We evaluated the structural viability of the stylized models under different MechStyle configurations using the same approach as in the formative study. While in the formative study, only 25.55% of models were structurally viable after stylization, MechStyle improved the result in all configurations with the best result being 100% of models being structurally viable and the worst-case being 80.2% of models being structurally viable (Figure 6a). Three configurations resulted in all models being structurally viable: (1) Non-Linear Temporal Scheduling with selectively frozen stylization control, (2) Stress-based scheduling with exponentially weighted stylization control, and (3) Stress-based scheduling with selectively frozen stylization control. Thus, these three combinations of techniques are robust in identifying structural issues and preventing the model from becoming unviable during stylization.

Evaluating Run Time with Adaptive Scheduling Strategies

To evaluate which MechStyle configuration is the most run-time efficient, we extracted the average run-times for each combination of stylization control strategy and scheduling strategy as shown in Figure 6b.
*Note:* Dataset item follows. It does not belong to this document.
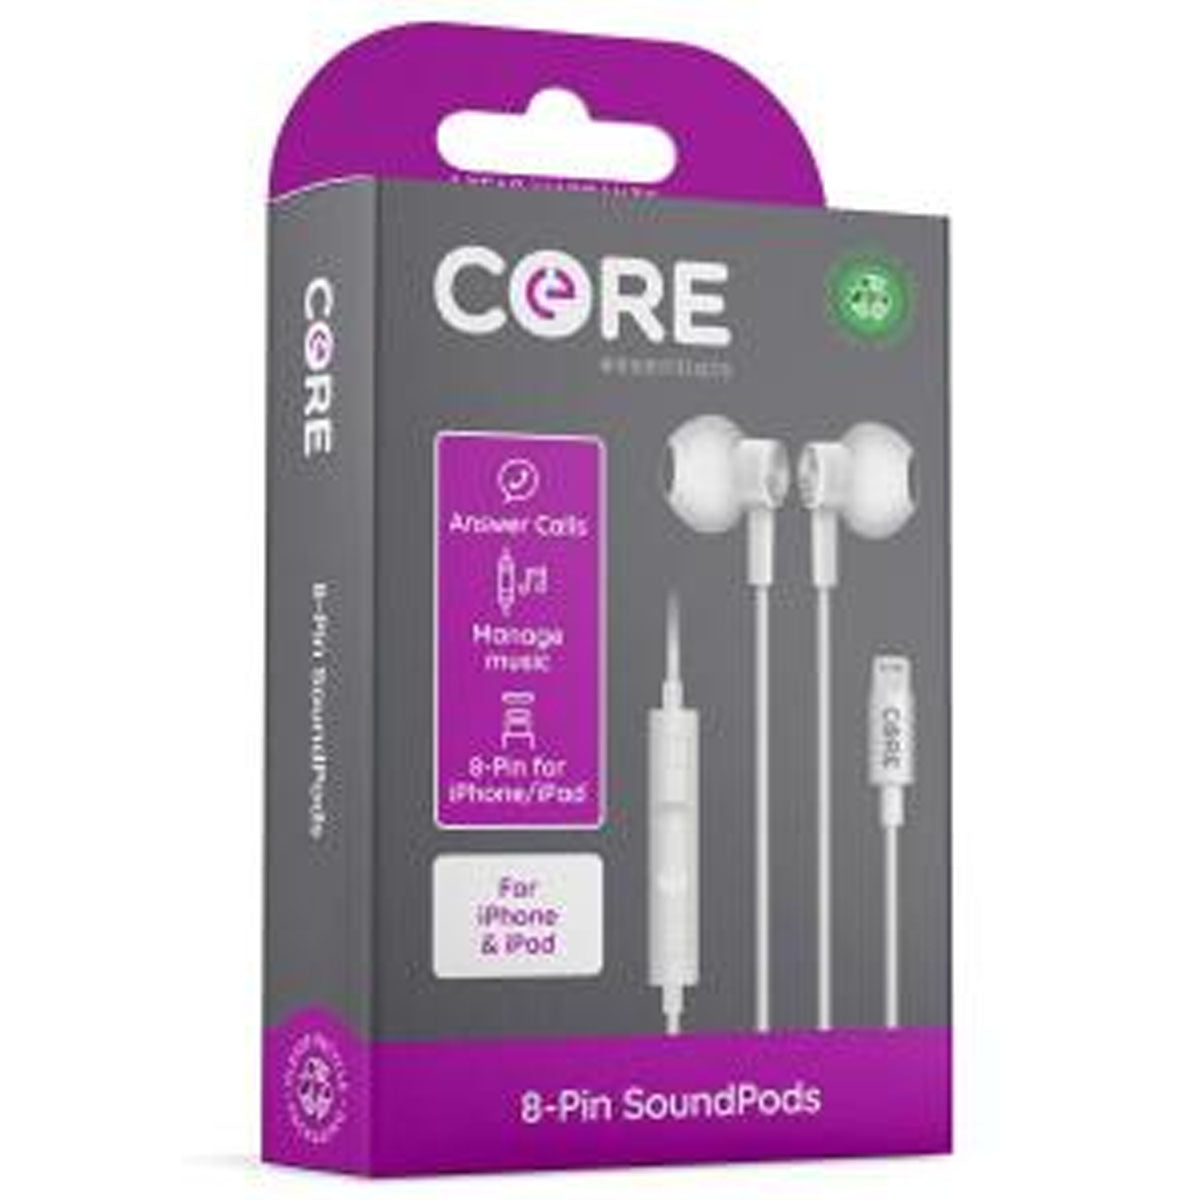 Core - Phone Headphones earphones in the packaging.

Since the runtime is affected by simulations, we first compare simulation strategies. Between the simulation strategies, a Welch’s ANOVA test showed a significant effect (\( F = 452.72 \), \( p < 0.0001 \)) in the system run-time. A Games Howell post-hoc analysis shows that the “Non-Linear Scheduling” strategy increased the system's runtime (\( T = 854.73 \), \( p < 0.0001 \)). However, the “Geometry-Based” (\( T = 16.03 \), \( p < 0.0001 \)) and “Stress-Based” (\( T = 18.02 \), \( p < 0.0001 \)) adaptive scheduling strategies significantly reduce the overall runtime of stylization as compared to the control. There was no significant difference (\( p > 0.1 \)) between “Geometry-Based” and “Stress-Based” conditions.
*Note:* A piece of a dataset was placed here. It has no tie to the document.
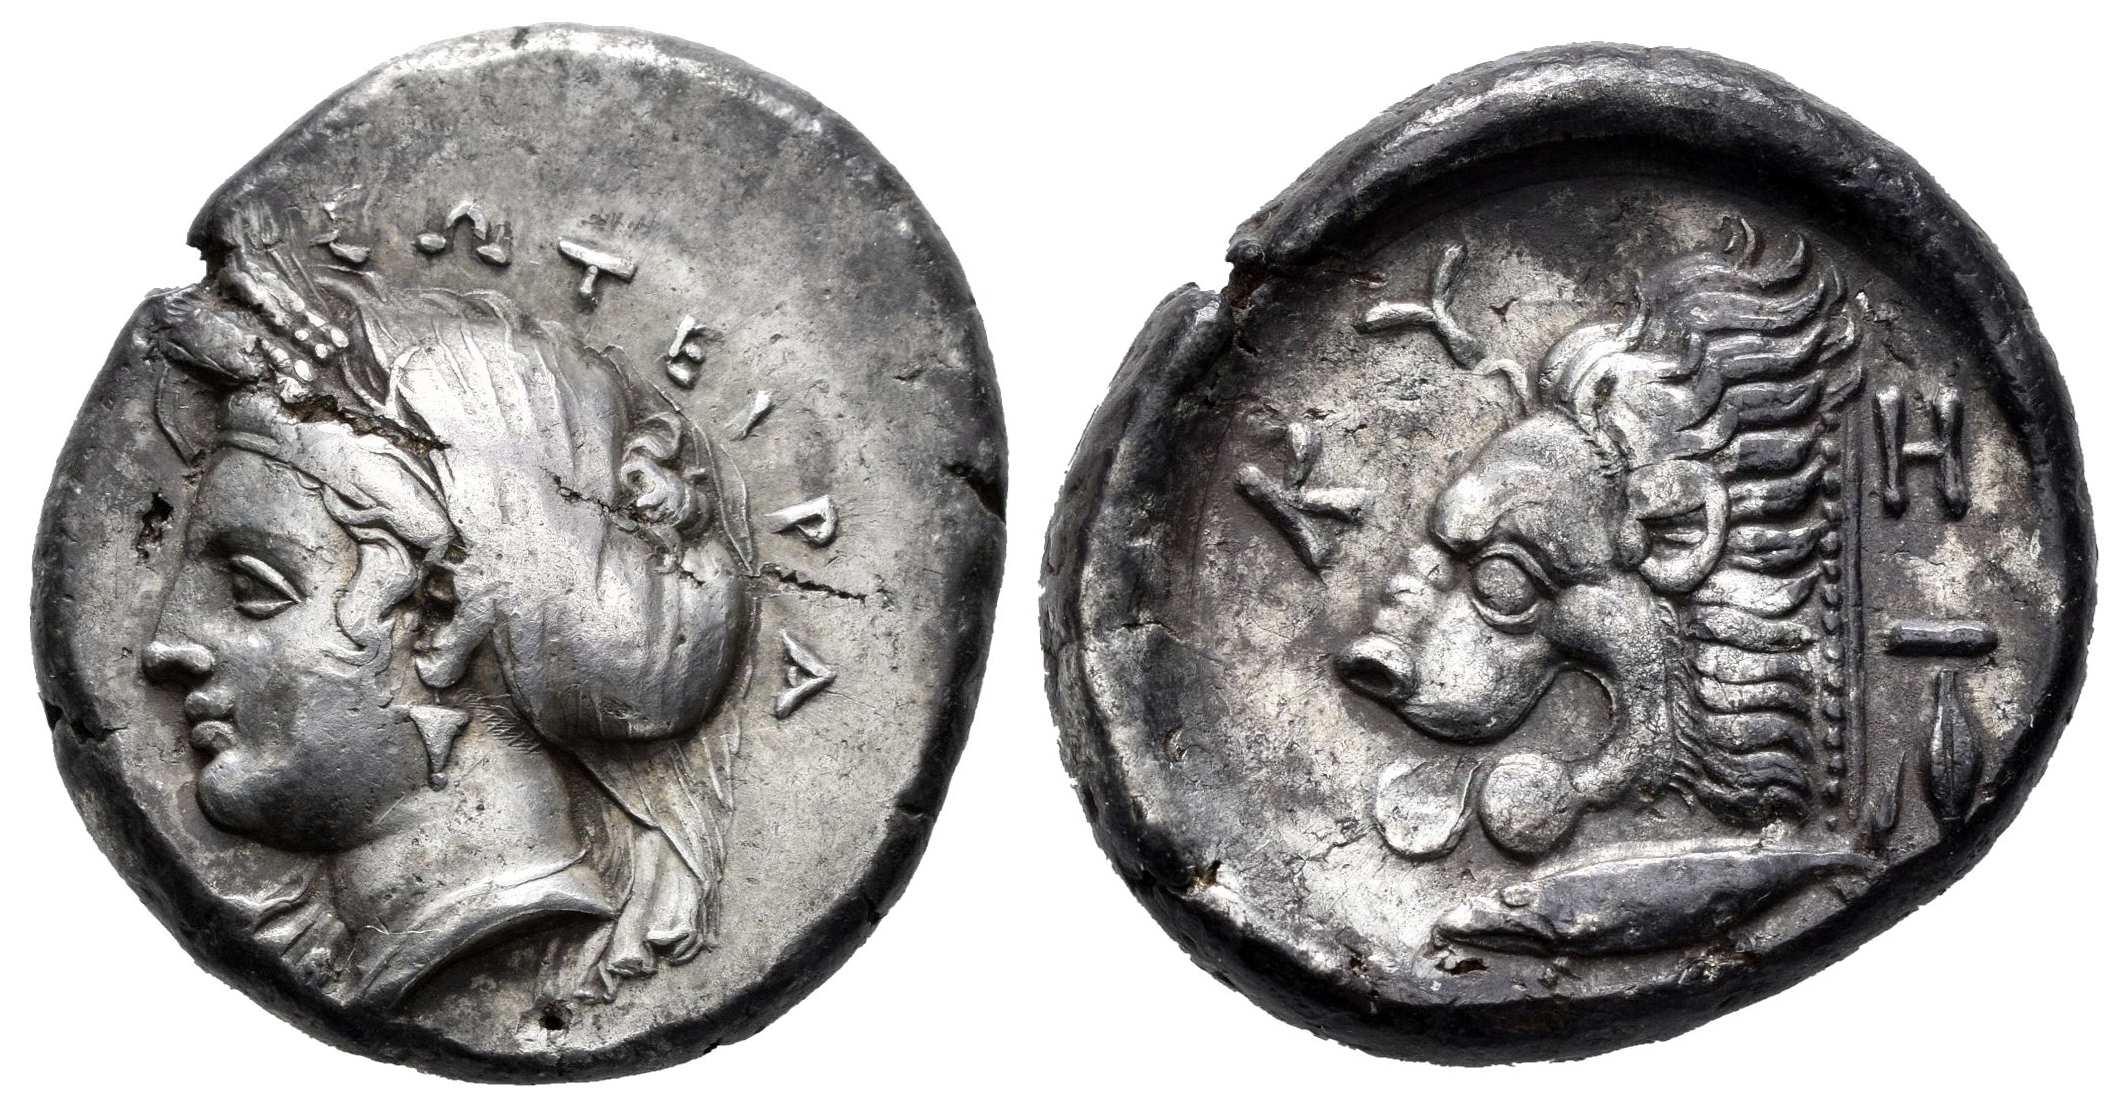 Lot 23. Mysia. Kyzikos. Tetradrachm. 390-340 BCE. Images courtesy Tauler and Fau

Next, we compare the six different combinations of the three stylization control strategies and these two scheduling techniques. A Welch’s ANOVA test showed a significant effect (\( F = 26.20 \), \( p < 0.0001 \)) in the system run-time between these six conditions. A Games Howell post-hoc analysis showed that for the “Geometry-Based” scheduling technique, the “selectively-frozen” stylization control strategy was significantly more efficient than Linearly-weighted (\( T = 6.54 \), \( p < 0.0001 \)) and Exponentially-weighted (\( T = 4.19 \), \( p < 0.0001 \)). For “Stress-Based” scheduling, the “exponentially-weighted” stylization control strategy was significantly more efficient than the Linearly-weighted strategy (\( T = 6.74 \), \( p < 0.0001 \)). However, we found no statistically significant difference between “exponentially-weighted” and “selectively-frozen” (\( T = 6.74 \), \( p > 0.05 \)). When comparing these two with the configuration of “Geometry-Based” scheduling with “selectively-frozen” stylization control, we found no statistically significant difference (\( p > 0.05 \)).
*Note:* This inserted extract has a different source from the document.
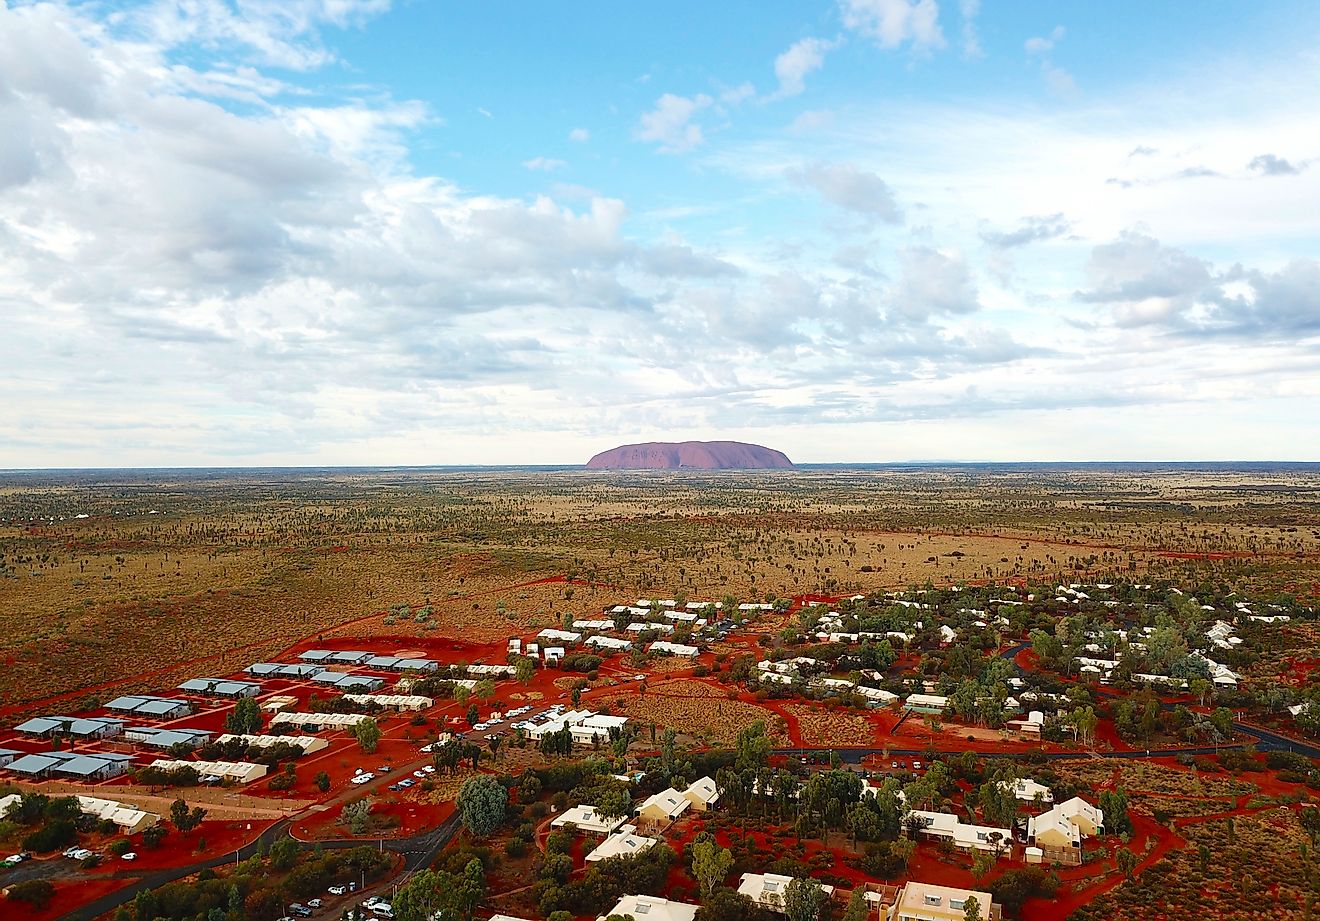 Panoramic landscape of Uluru (Ayers Rock) from Yulara in the Northern Territory state of Australia. Editorial credit: katacarix / Shutterstock.com

Evaluating Style Loss with Stylization Control Strategies

MechStyle preserves the structural integrity of 3D models by reducing stylization in local areas, which affects the final stylization result. Prior work on stylization uses “style-loss” as a metric to evaluate the quality of stylization. Style loss is described as a semantic loss that measures the similarity between a target text description and the generated stylized mesh. It is based on the multi-modal embedding space provided by the pre-trained CLIP model. The semantic loss compares the CLIP embedding of rendered views of the stylized mesh with embeddings of the target text. Since MechStyle effectively controls stylization to reduce its impact on the structural properties of the model, we assume that the model stylized without MechStyle attains convergence on the style. This allows us to evaluate how MechStyle influences the stylization capability of the generative AI model. Thus, we compare the style-loss of the MechStyle result with a freely stylized model, representing full stylization. We record the stylization loss for all configurations as a percentage of that of the fully stylized model.

Figure 6c shows the stylization quality of all different techniques. A Welch’s ANOVA test did not show any significant difference (\( p > 0.05 \)) in the stylization loss, indicating that none of the strategies affected the overall stylization capability.

Summary of Findings

Our goal in this technical evaluation was to evaluate our stylization control strategies and adaptive scheduling strategies based on the trade-off between the objectives of structural viability of stylized models, the total run-time, and the final stylization quality achieved. For this purpose, we conducted a grid search over all possible combinations of adaptive scheduling techniques and stylization control strategies. For structural integrity (Figure 6a), we find that three combinations: (1) “Non-Linear Temporal” scheduling with “selectively frozen” stylization, (2) “Stress-based” scheduling with “exponentially weighted” stylization, and (3) “Stress-based” scheduling with “selectively frozen” stylization, resulted in all stylized models being structurally viable. For overall runtime, we find that the configurations of (1) “Geometry-based” scheduling with “selectively frozen”, (2) “Stress-based” scheduling with “exponentially weighted” stylization, and (3) “Stress-based” scheduling with “selectively frozen” stylization gave the most significantly efficient runtime. Finally, we found no statistically significant loss in the stylization achieved by any of the configurations.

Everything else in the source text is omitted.